• [YOUR ASSIGNMENT]:
In the listing below, find the line holding "за 40 минут" and the line holding "山东莱州黄豆的营养价值". Write out those two lines and all lines between, exactly, and nothing more.

• [MATERIAL PROVIDED]:

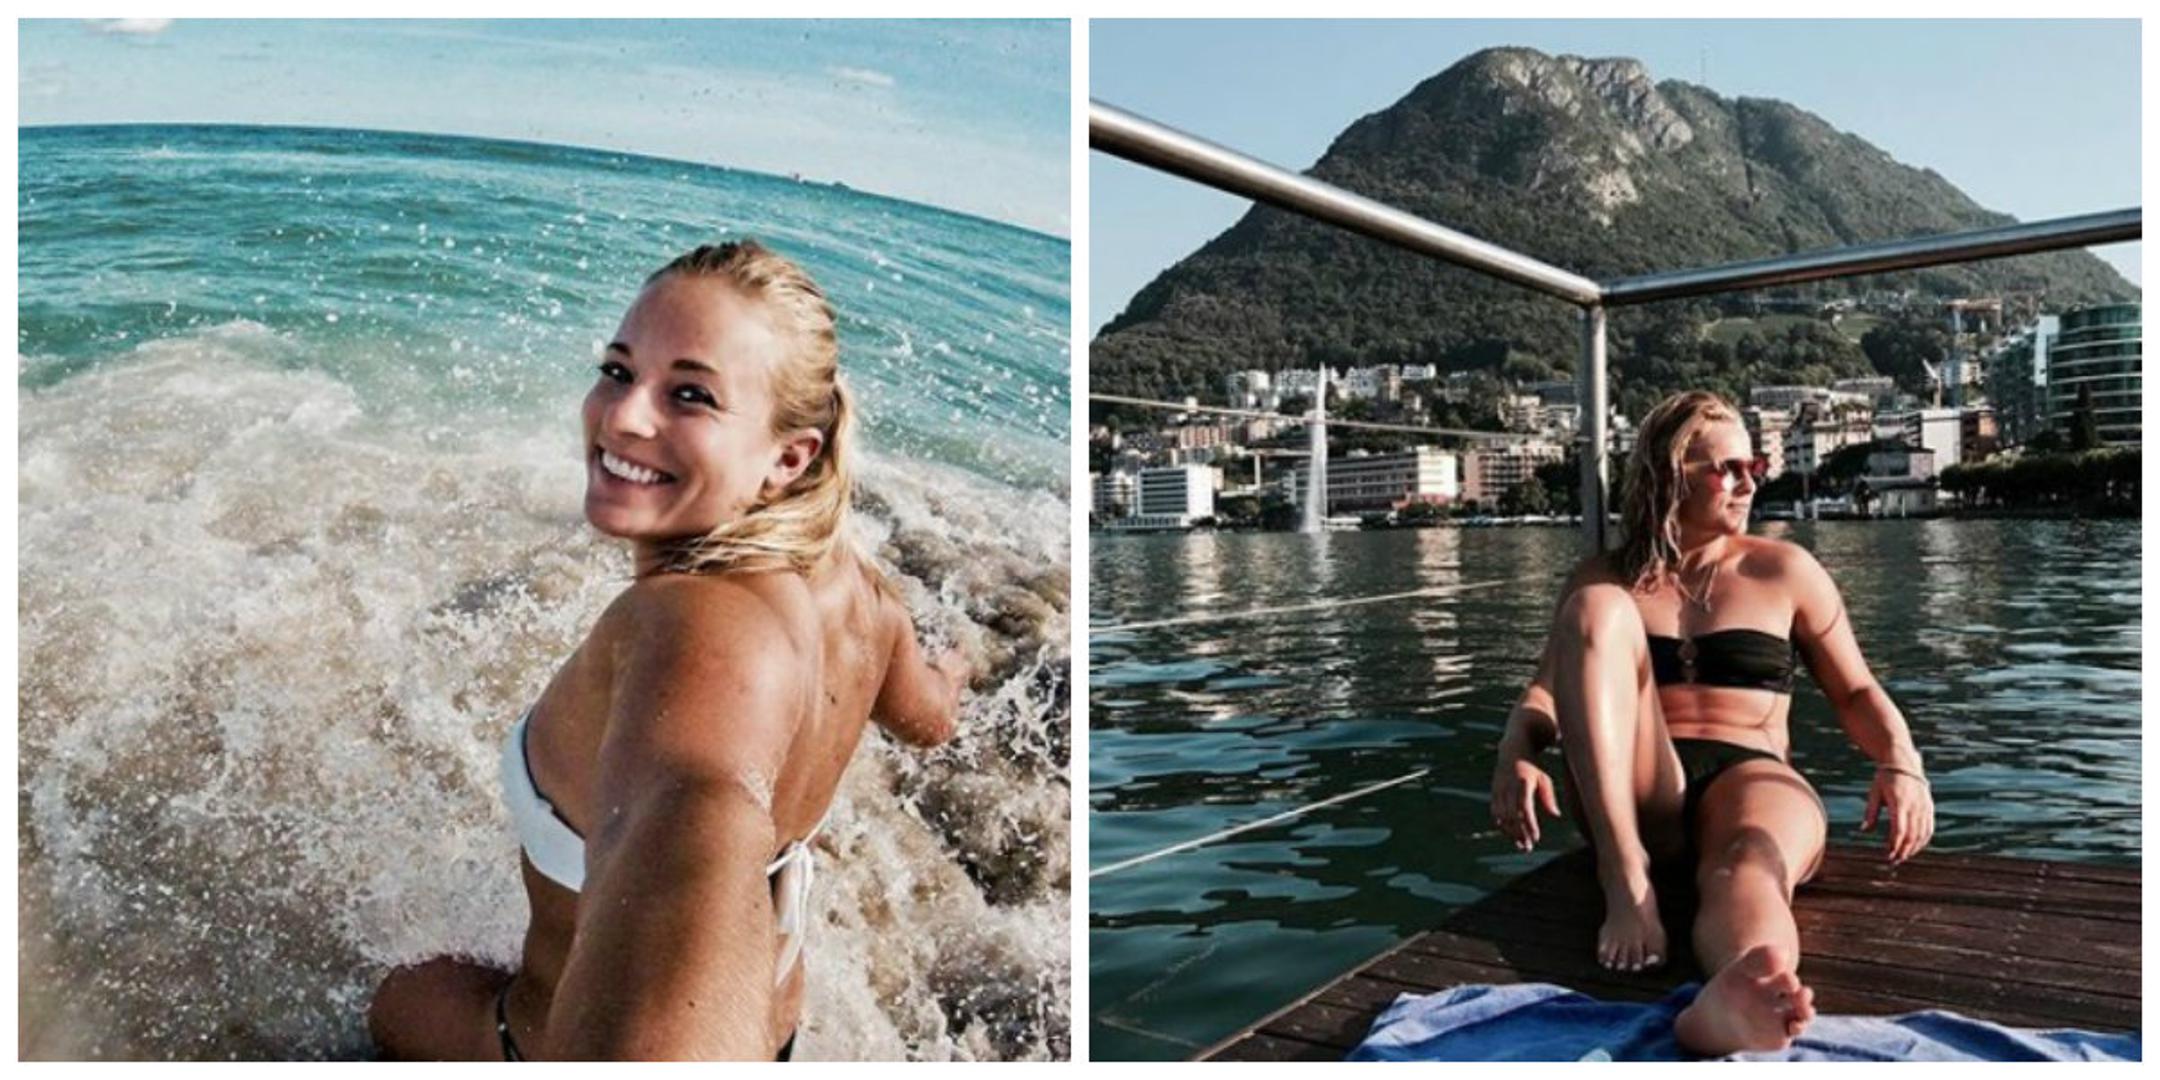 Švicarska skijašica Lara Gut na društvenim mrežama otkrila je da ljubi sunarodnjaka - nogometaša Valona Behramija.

...

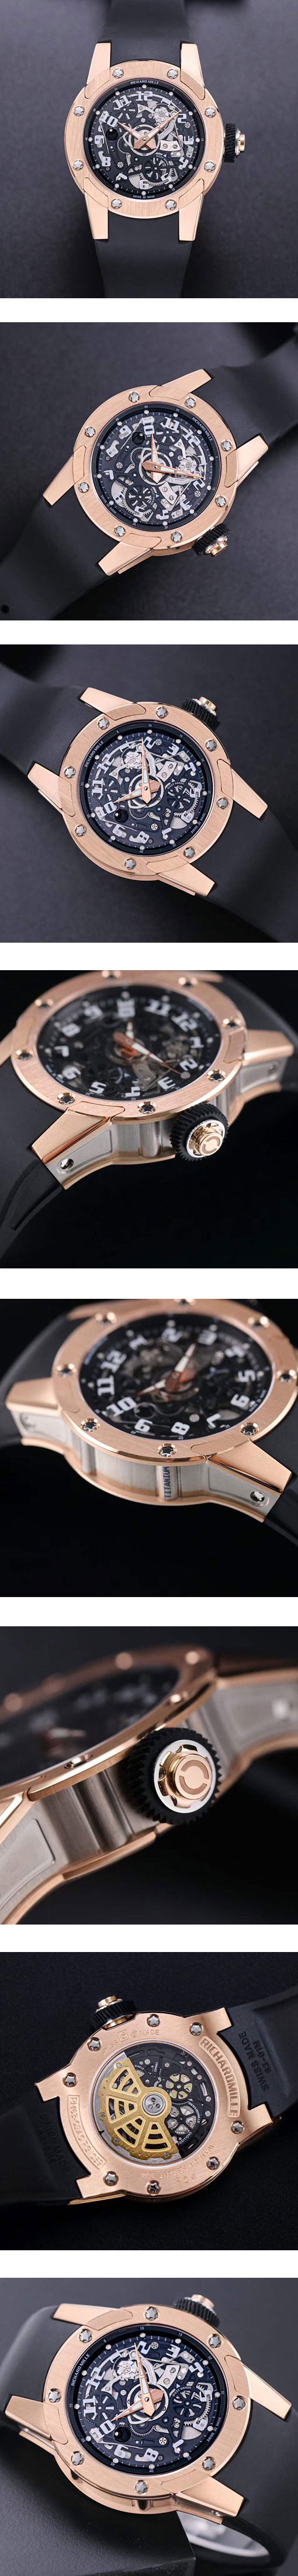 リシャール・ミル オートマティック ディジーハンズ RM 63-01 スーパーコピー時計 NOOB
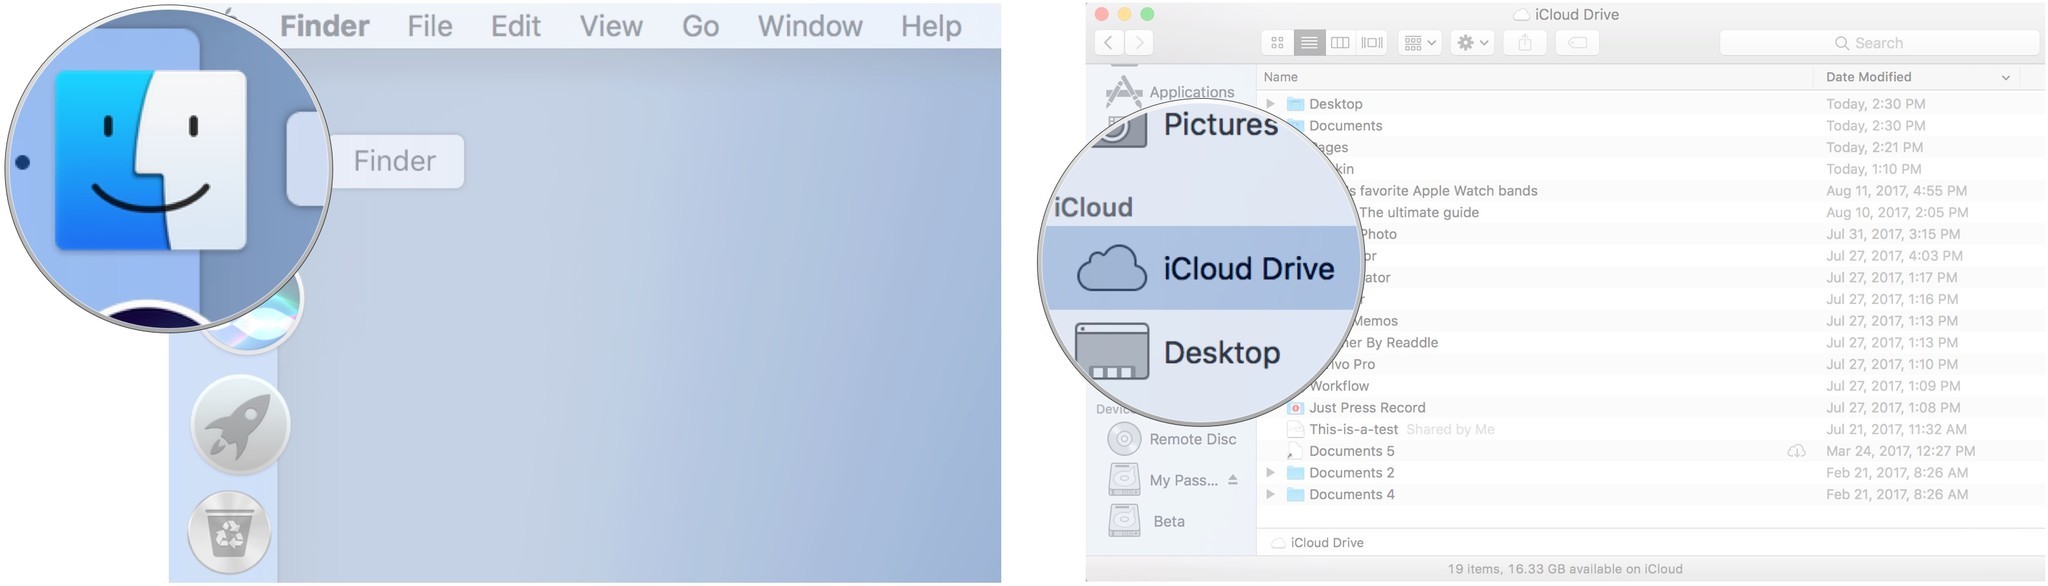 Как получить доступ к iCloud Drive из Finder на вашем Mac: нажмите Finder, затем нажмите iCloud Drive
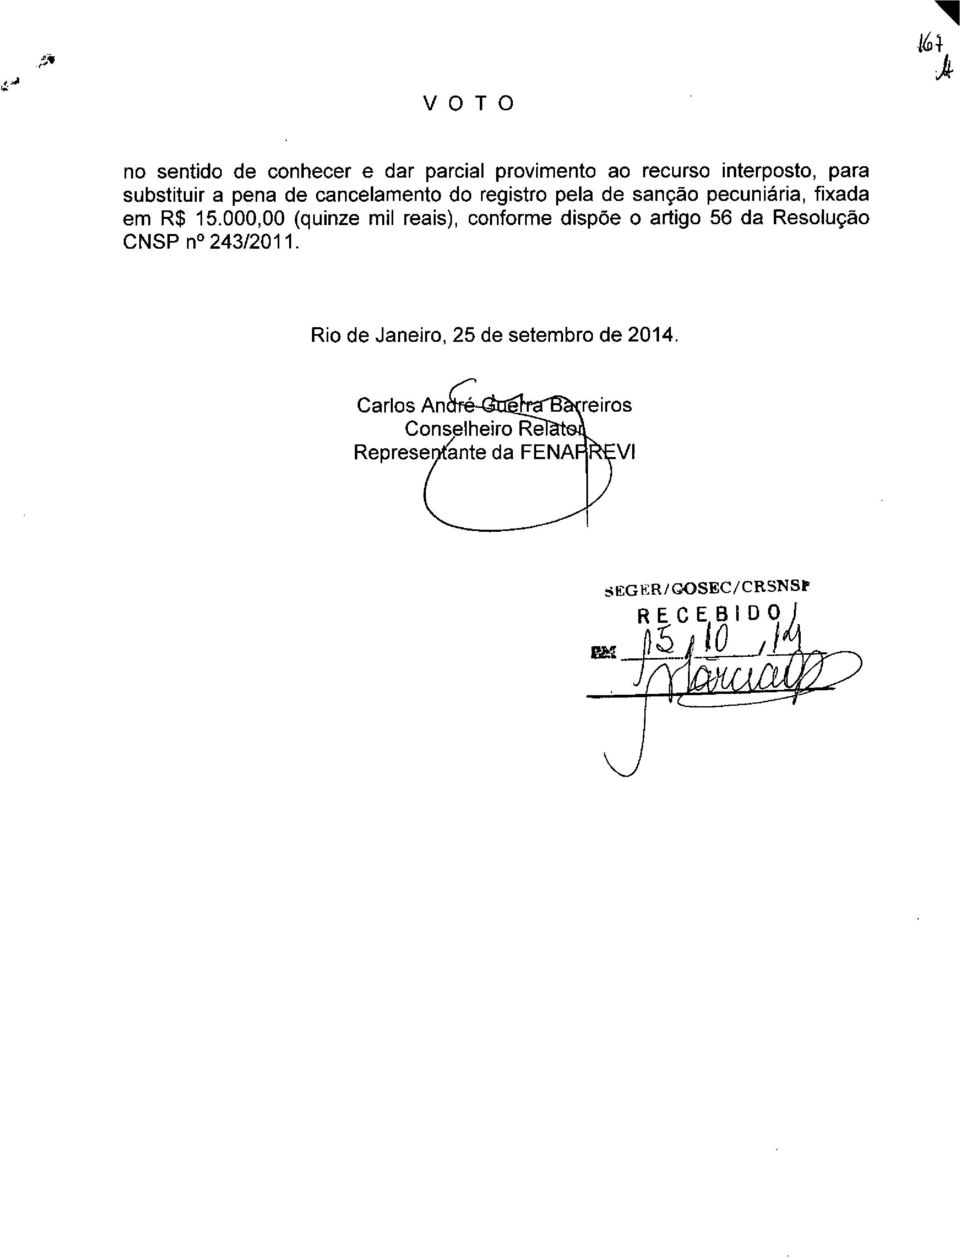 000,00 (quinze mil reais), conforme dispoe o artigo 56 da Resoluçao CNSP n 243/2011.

---

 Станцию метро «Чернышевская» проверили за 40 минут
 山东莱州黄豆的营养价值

• [REPLY TO THE EXERCISE]:
 Станцию метро «Чернышевская» проверили за 40 минут
 山东莱州黄豆的营养价值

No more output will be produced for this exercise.